Initiating HAART with any one of four 3 x 5 drug choices leads to longest survival in San Francisco

This article is more than 20 years old. Click here for more recent articles on this topic

Attendees at a fascinating, but flawed, presentation at the end of the first day of the Fifteenth International AIDS Conference in Bangkok heard that San Franciscans with an AIDS diagnosis at some point between 1980 and 2002, and who initiated HAART with efavirenz and 3TC alongside either AZT or d4T, survived longer than those taking any other possible HAART regimen that was available prior to 2002. Individuals taking nevirapine with either of the nucleoside analogue backbones also had significantly better survival than patients who received PI-containing regimens.

The study from Johns Hopkins Bloomberg School of Public Health and the San Francisco Department of Public Health used citywide AIDS mortality surveillance data for this retrospective, matched, nested case-control study. In other words, 310 San Franciscans who died of AIDS prior to the end of 2002 (cases) were matched with 1,161 San Franciscans still living with an AIDS diagnosis in 2002 (controls) by year of AIDS diagnosis, the level and year of their earliest known CD4 count (within 100 cells/mm3), and controlled for CD4 count nearest to treatment initiation, age, injection drug use, and homelessness.
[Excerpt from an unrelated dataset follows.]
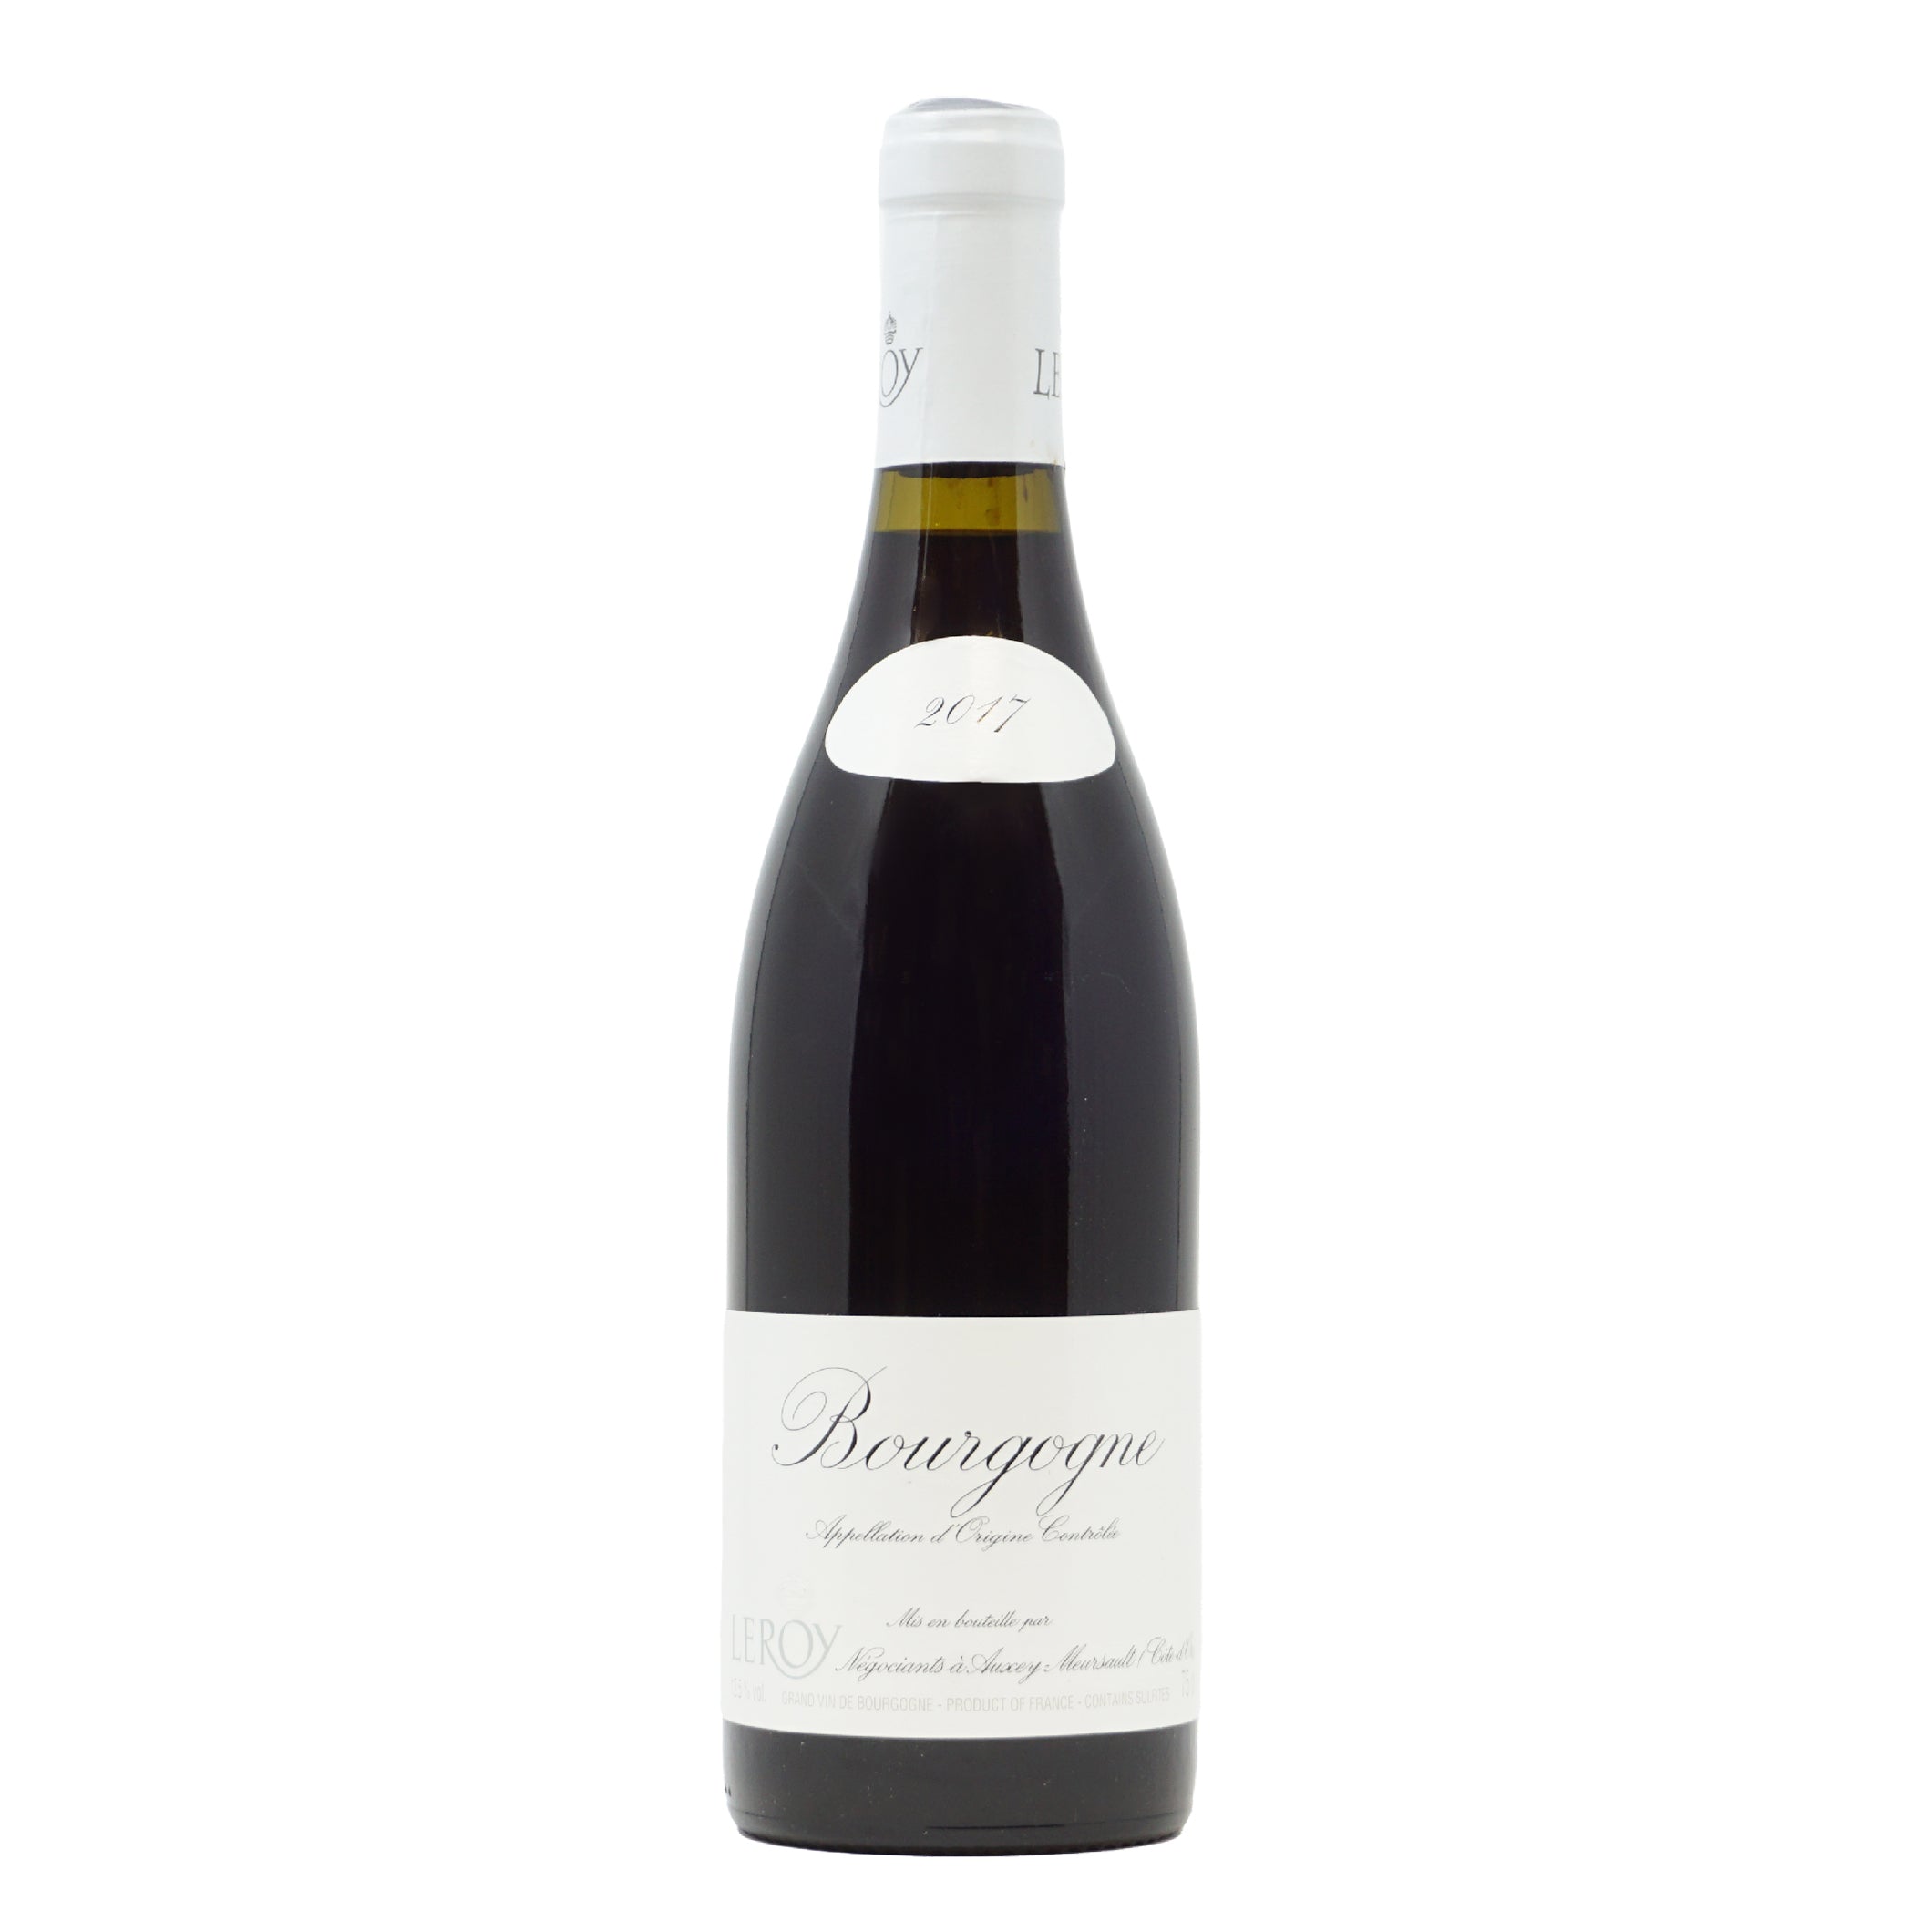 Bourgogne Rouge 2017 Leroy Negociant lt.0.750
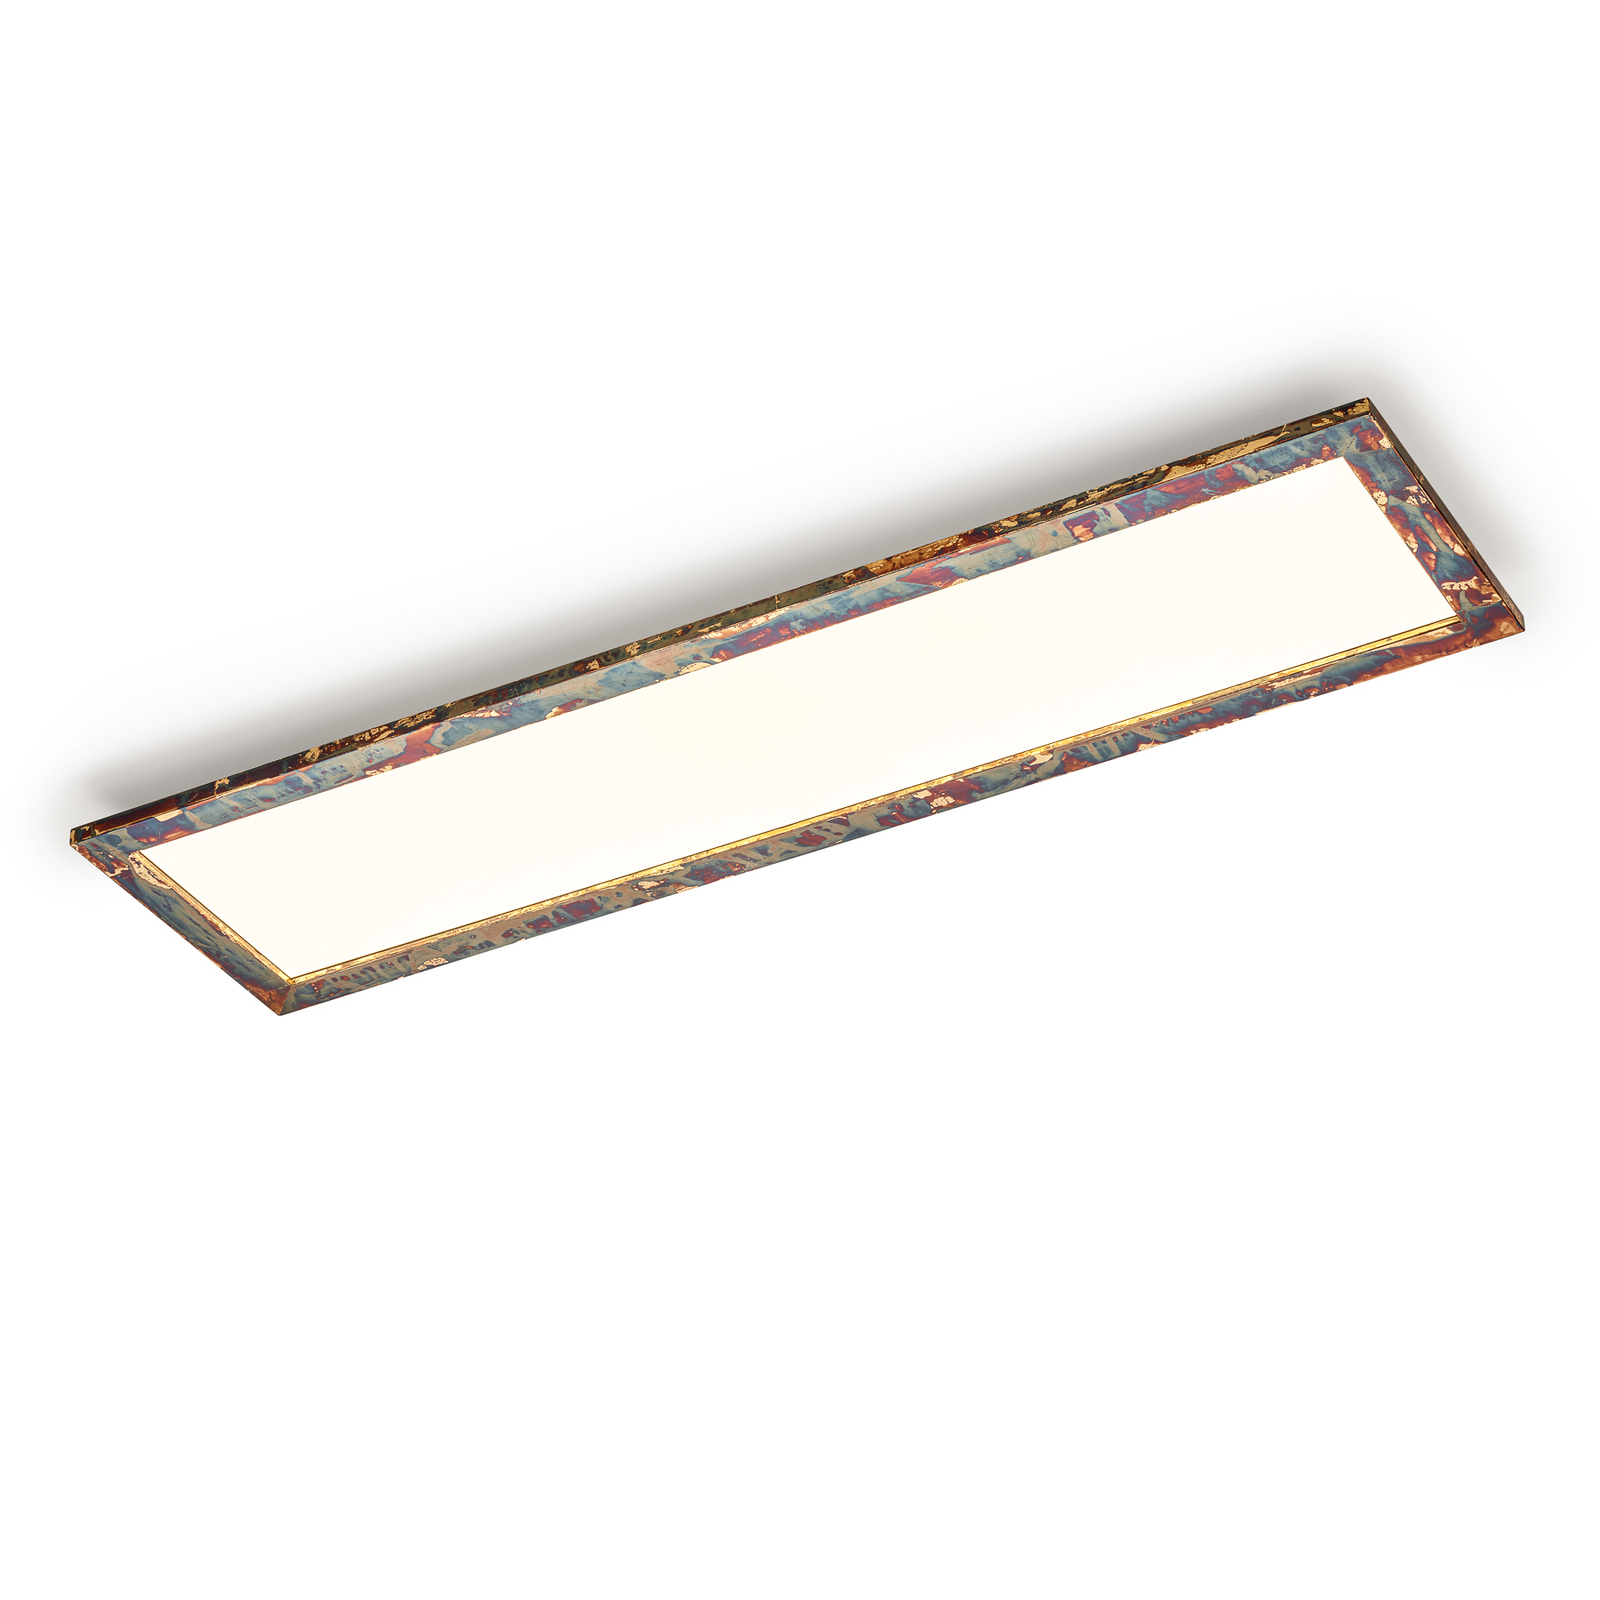 Quitani Aurinor LED panel, arany színű, 125 cm-es

The aim of their study was to see whether the four World Health Organisation 3x5 drug options (efavirenz/3TC or nevirapine/3TC with either AZT or d4T) were the best initial treatment options in terms of survival. The researchers compared the odds of survival for regimens that were initiated after 1996 by at least ten individuals, comprising 39 different combinations, that included, at a minimum, one protease inhibitor (PI) or one non-nucleoside reverse transcriptase inhibitor (NNRTI).

Glossary

adjusted odds ratio (AOR)

Comparing one group with another, expresses differences in the odds of something happening. An odds ratio above 1 means something is more likely to happen in the group of interest; an odds ratio below 1 means it is less likely to happen. Similar to ‘relative risk’. 

protease inhibitor (PI)

Family of antiretrovirals which target the protease enzyme. Includes amprenavir, indinavir, lopinavir, ritonavir, saquinavir, nelfinavir, and atazanavir.

salvage therapy

Any treatment regimen used after a number of earlier regimens have failed. People with HIV who have experienced side-effects and/or developed resistance to many HIV drugs receive salvage therapy, sometimes consisting of a large number of medications.

matched

In a case-control study, a process to make the cases and the controls comparable with respect to extraneous factors. For example, each case is matched individually with a control subject on variables such as age, sex and HIV status. 

nucleoside

A precursor to a building block of DNA or RNA. Nucleosides must be chemically changed into nucleotides before they can be used to make DNA or RNA. 

Three of the four most common first-line regimens were, in fact, PI-based: d4T/3TC/nelfinavir (n = 151), AZT/3TC/nelfinavir (n = 148), AZT/3TC/indinavir (n = 142) and AZT/3TC/efavirenz (n = 122). However, the best survival outcomes were among individuals initiating treatment with d4T/3TC/efavirenz (n = 68, adjusted odds ratio [AOR] 0.35, p = 0.024) or AZT/3TC/efavirenz (n = 122, AOR 0.39, p = 0.013). Individuals initiating treatment with the two other WHO 3x5 regimens still had good survival outcomes (d4T/3TC/nevirapine: n = 68, AOR 0.52, p =0 .12; AZT/3TC/nevirapine: n = 73, AOR 0.68, p = 0.31) and the difference between the four regimens was not statistically significant. Of interest, d4T/3TC/saquinavir had the worst survival outcome of the 39 combinations analysed.

However, the researchers’ conclusion that the survival data could be compared between San Francisco – where people with HIV had a myriad of second- and third-line and salvage therapy options after the failure of their first-line treatment – and resource-limited countries where, currently, few second-line options are available, was found to be flawed in the question and answer session that followed.

Principal investigator, Sanny Chen, did concede that this was not a randomised clinical trial, and no data on adherence, gender, subsequent changes in regimens, side effects or viral loads were included in the analysis, and amended her conclusion that the 3x5 regimens are “well chosen,” with the proviso that this should be “interpreted with caution.”

Nevertheless, the fact that San Franciscans who initiated HAART with NNRTI-based triple therapy did better long-term suggests that initiating antiretroviral therapy with a PI-sparing regimen appears to lead to longer survival in well-resourced settings where resistance testing and a myriad of second- and third-line and salvage treatment options are available. Whether HAART based around the NNRTIs, efavirenz and nevirapine, and 3TC – all of which have a low genetic barrier to resistance – are the best long-term options for the 3x5 programme remains to be seen.

Reference

Chen SY et al. Which antiretroviral regimens yield the best odds of survival in San Francisco? XV International AIDS Conference, Bangkok, abstract MoOrC1082, 2004.